Objective morality in one (admiitedly rather long) sentence: For any moral dilemma, there is some particular decision you would make after a thousand years of collecting information, thinking, upgrading your intelligence, and reaching reflective equilibrium with all other possible moral dilemmas; this decision is the same for all humans, and is what we refer to when we say that an action is 'correct'.
I find that claim to be very implausible: to name just one objection to it, it seems to assume that morality is essentially "logical" and based on rational thought, whereas in practice moral beliefs seem to be much more strongly derived from what the people around us believe in. And in general, the hypothesis that all moral beliefs will eventually converge seems to be picking out a very narrow region in the space of possible outcomes, whereas "beliefs will diverge" contains a much broader space. Do you personally believe in that claim?
I'm not sure what I was expecting, but I was a little surprised after seeing you say you object to objective morality. I probably don't understand CEV well enough and I am pretty sure this is not the case, but it seems like there is so much similarity between CEV and some form of objective morality as described above. In other words, if you don't think moral beliefs will eventually converge, given enough intelligence, reflection, and gathering data, etc, then how do you convince someone that FAI will make the "correct" decisions based on the extrapolated volition?
CEV in its current form is quite under-specified. I expect that there would exist many, many different ways of specifying it, each of which would produce a different CEV that would converge at a different solution.
For example, Tarleton (2010) notes that CEV is really a family of algorithms which share the following features:
He comments:
Although one of Eliezer's desired characteristics for CEV was to ”avoid creating a motive for modern-day humans to fight over the initial dynamic”, a more rigorous definition of CEV will probably require making many design choices for which there will not be any objective answer, and which may be influenced by the designer's values.
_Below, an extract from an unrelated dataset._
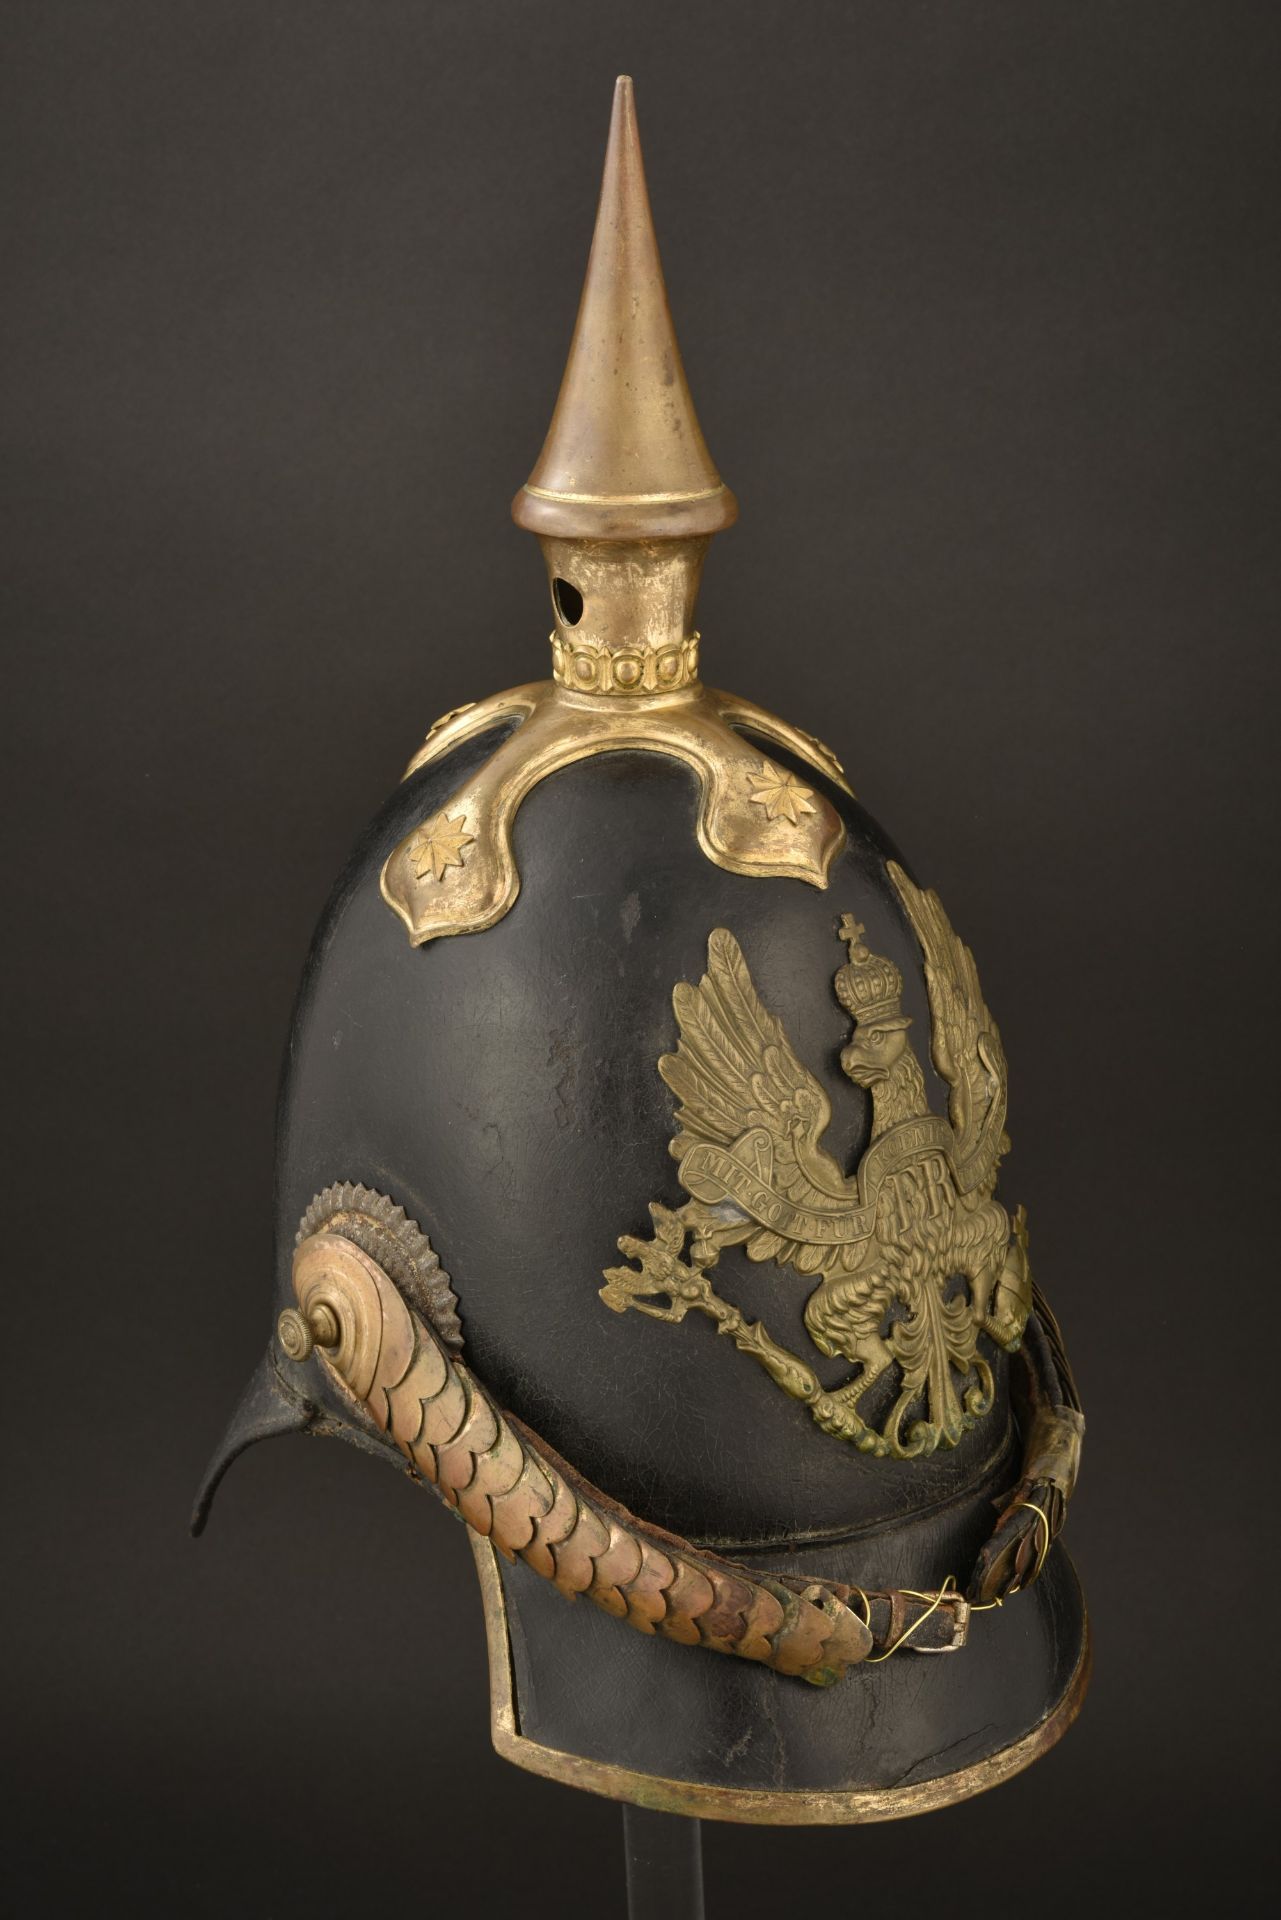 Casque a pointe d officier prussien 1842. Early prussian officer spiked helmet pattern 1842. Offizie
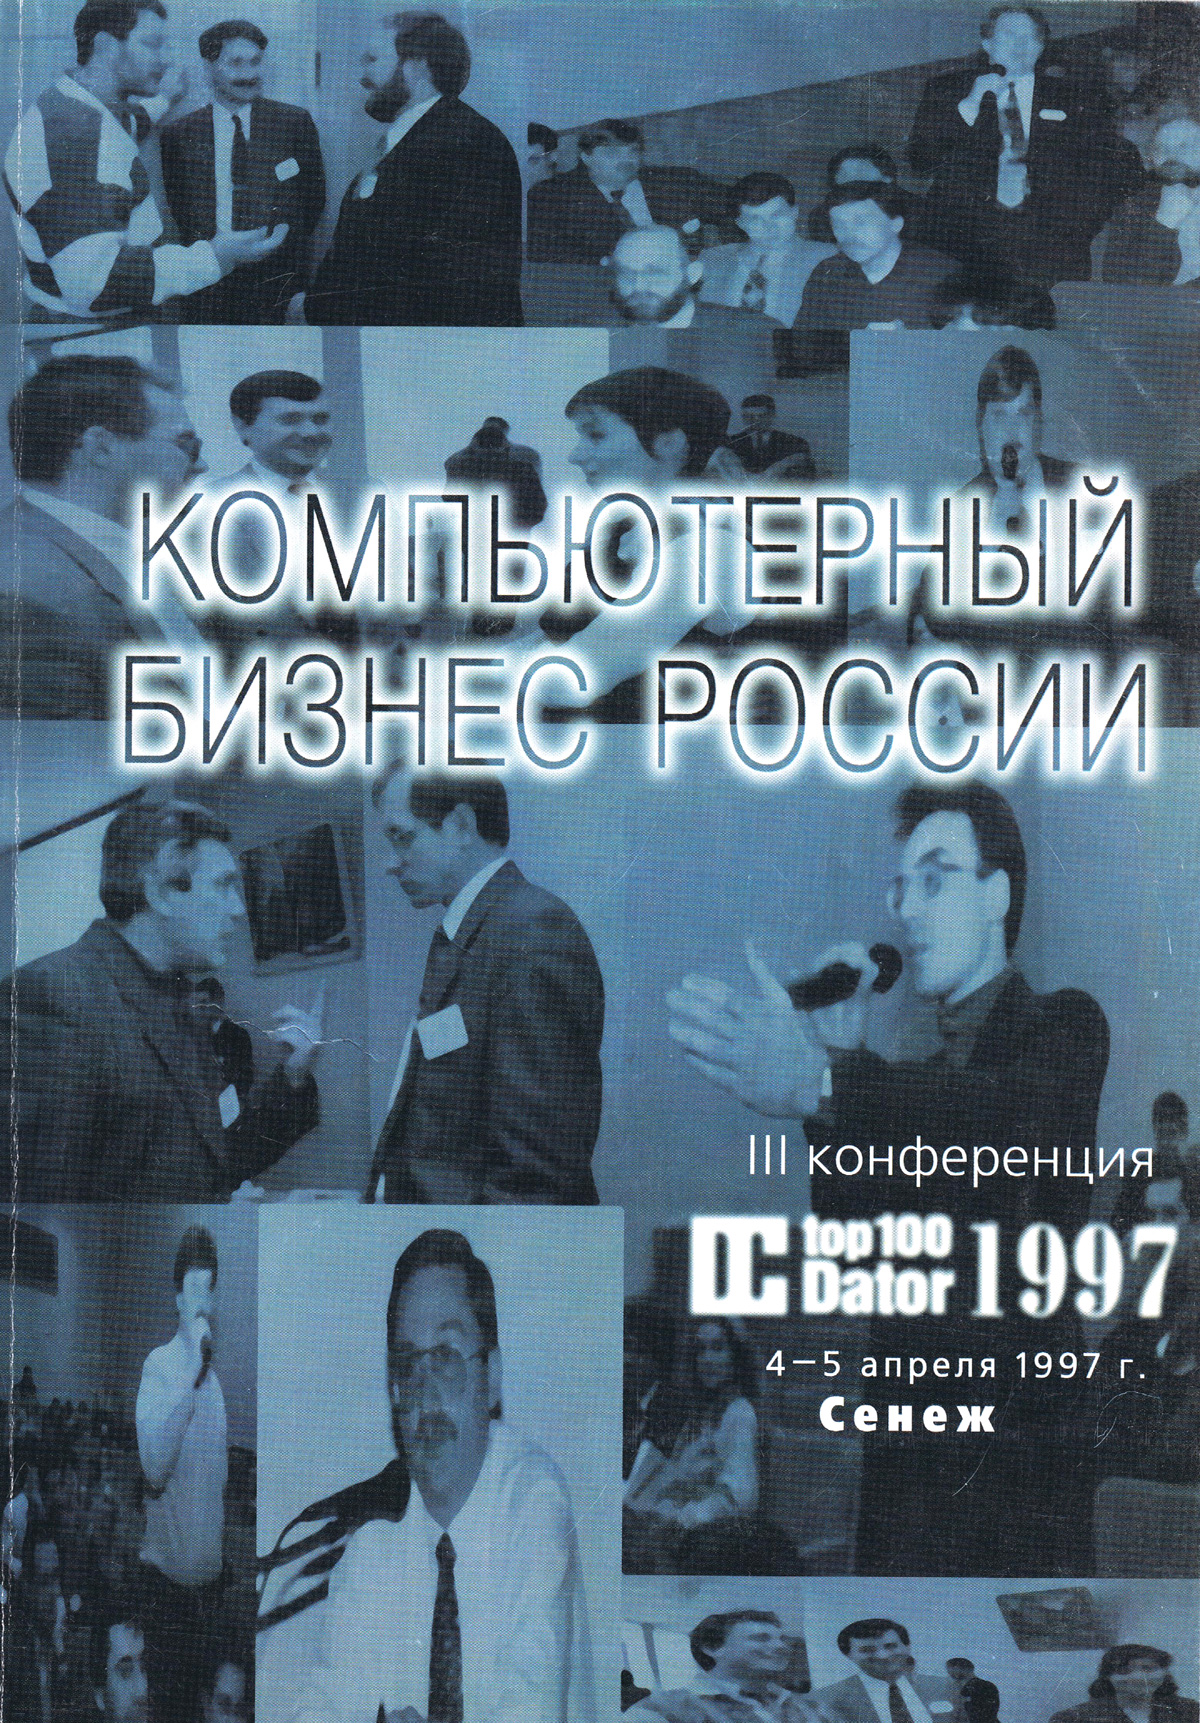 The Myths about Internet Business, By Gregory Gromov, Proceedings of the III National Conference of Computer Business in Russia, 1997, Moscow. Dator1997_cover

The notion that our values should be extrapolated according to some specific criteria is by itself a value-laden proposal: it might be argued that it was enough to start off from our current-day values just as they are, and then incorporate additional extrapolation only if our current values said that we should do so. But doing so would not be a value-neutral decision either, but rather one supporting the values of those who think that there should be no extrapolation, rather than of those who think there should be.
I don't find any of these issues to be problems, though: as long as CEV found any of the solutions in the set-of-final-values-that-I-wouldn't-consider-horrible, the fact that the solution isn't unique isn't much of an issue. Of course, it's quite possible that CEV will hit on some solution in that set that I would judge to be inferior to many others also in that set, but so it goes.
That argument seems like it would apply equally well to non-moral beliefs.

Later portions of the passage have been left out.